By contrast, Sky Deutschland’s subscriber base is 2.9 million, with ARPU of €30.94. So the opportunity to close the gap is huge. Sure, Germany already has a wide selection of free-to-air stations (such as ARD, ZDF, RTL and ORF), but BSkyB managed to assert itself against 100 free TV services in Britain. And while Sullivan concedes that “Germans are less impulsive than Britons”, he adds that “once they’re on board, they’ll stay”.

He also believes that Germans simply don’t do ‘cheap’. “Look at people’s cars and kitchens. They have no problem with buying quality if they think it’s worth it.” He also points out that six million households have previously signed up with Sky Deutschland. “The service delivery let them down, but we’ve fixed that… The real question is: will they give us a second chance?” I think they will, and not just because BSkyB overcame similar glitches in Britain in the 1990s. There are 41 million households in Germany and Austria. Of these, 22 million already have high-definition TVs, yet they have very few programmes to watch. While 56% of British households have pay TV, German penetration rates are under 13%.

The stock could have much further to go

 

BSkyB is worth around £13.5bn now and generates £6.6bn in turnover. Assuming the same adoption rates are achieved in Germany as in Britain, in ten years’ time Sky Deutschland may hit a top-line sales figure of €10bn per year. In the short term, analysts are predicting revenues of €1.1bn and €1.3bn for this year and next. After that EBITDA should turn positive. I value the group on a 2.5 times sales multiple. Adjusting for €495m of net debt, that delivers an intrinsic value of €3 a share.

The risk is that Sky Deutschland may overpay for the 2013 Bundesliga rights, particularly as Sullivan also wants to bid for the online and mobile channels, which are currently held by Deutsche Telekom. “We want to be able to broadcast football on smartphones and tablet PCs.” Indeed, should the cost of this type of content continue to rise as it has done in Britain, there is a remote danger that the group may need to raise more money. Although it’s likely that the banks will remain supportive, they could demand that fresh equity is raised to support the balance sheet. Also, if the eurozone were to implode, unemployment would jump and advertising income would decline. That could hit performance hard.

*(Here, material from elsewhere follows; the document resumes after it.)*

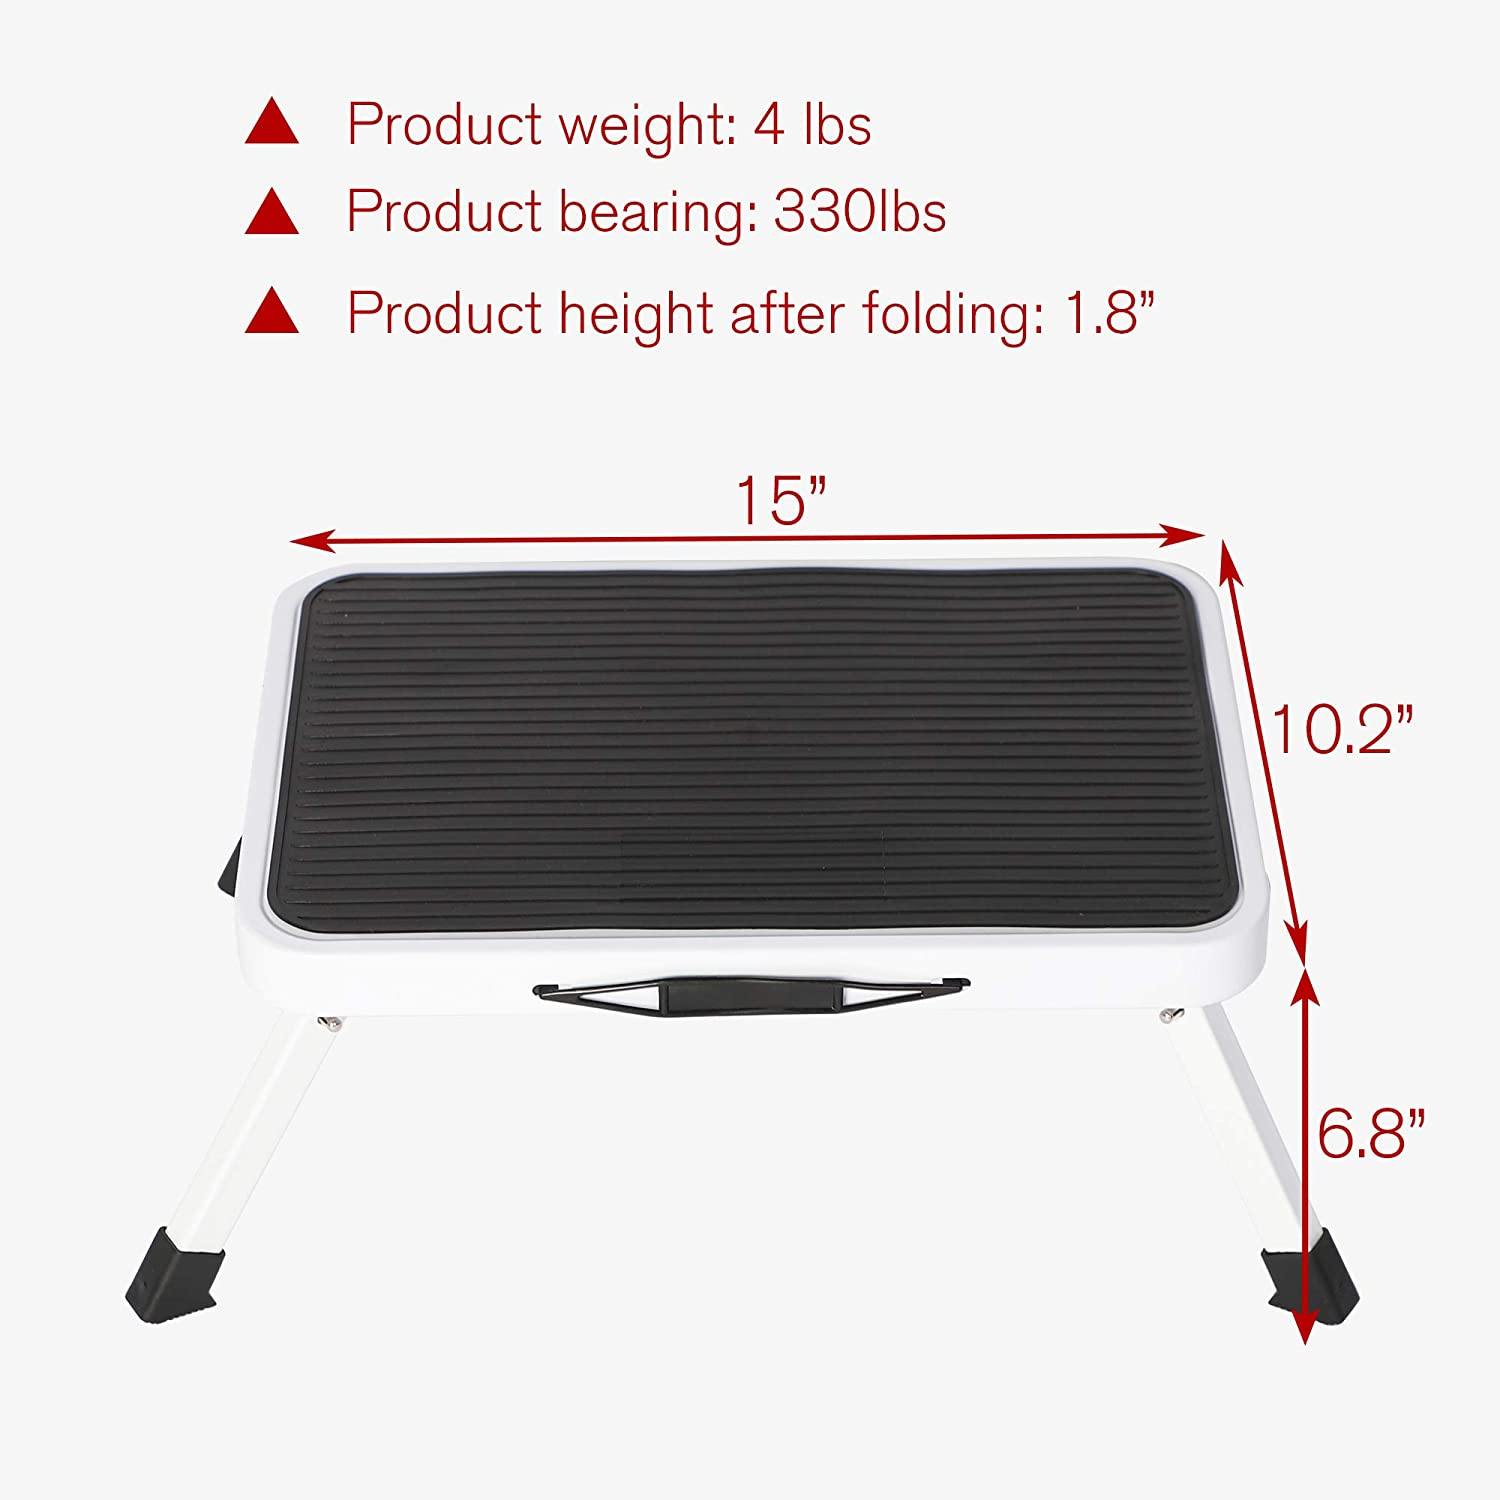 Portable Step Stool Lightweight One Step Ladder Folding Medical Footstool with Non Skid Rubber Platform, 330 lbs Capacity - Bosonshop

But the firm is already in a strong position as the leader in paid-for sports, films and high-definition content. It also has a blueprint strategy to copy from BSkyB. With a future takeover by News Corp by no means out of the question, Sky Deutschland seems a decent bet for long-term investors with a tolerance for some risk. DZ Bank has a price target of €3.46.

Rating: SPECULATIVE BUY at €1.70. 

• Paul Hill also writes a weekly share-tipping newsletter, Precision Guided Investments. See
www.moneyweek.com/PGI
, or phone 020-7633 3634.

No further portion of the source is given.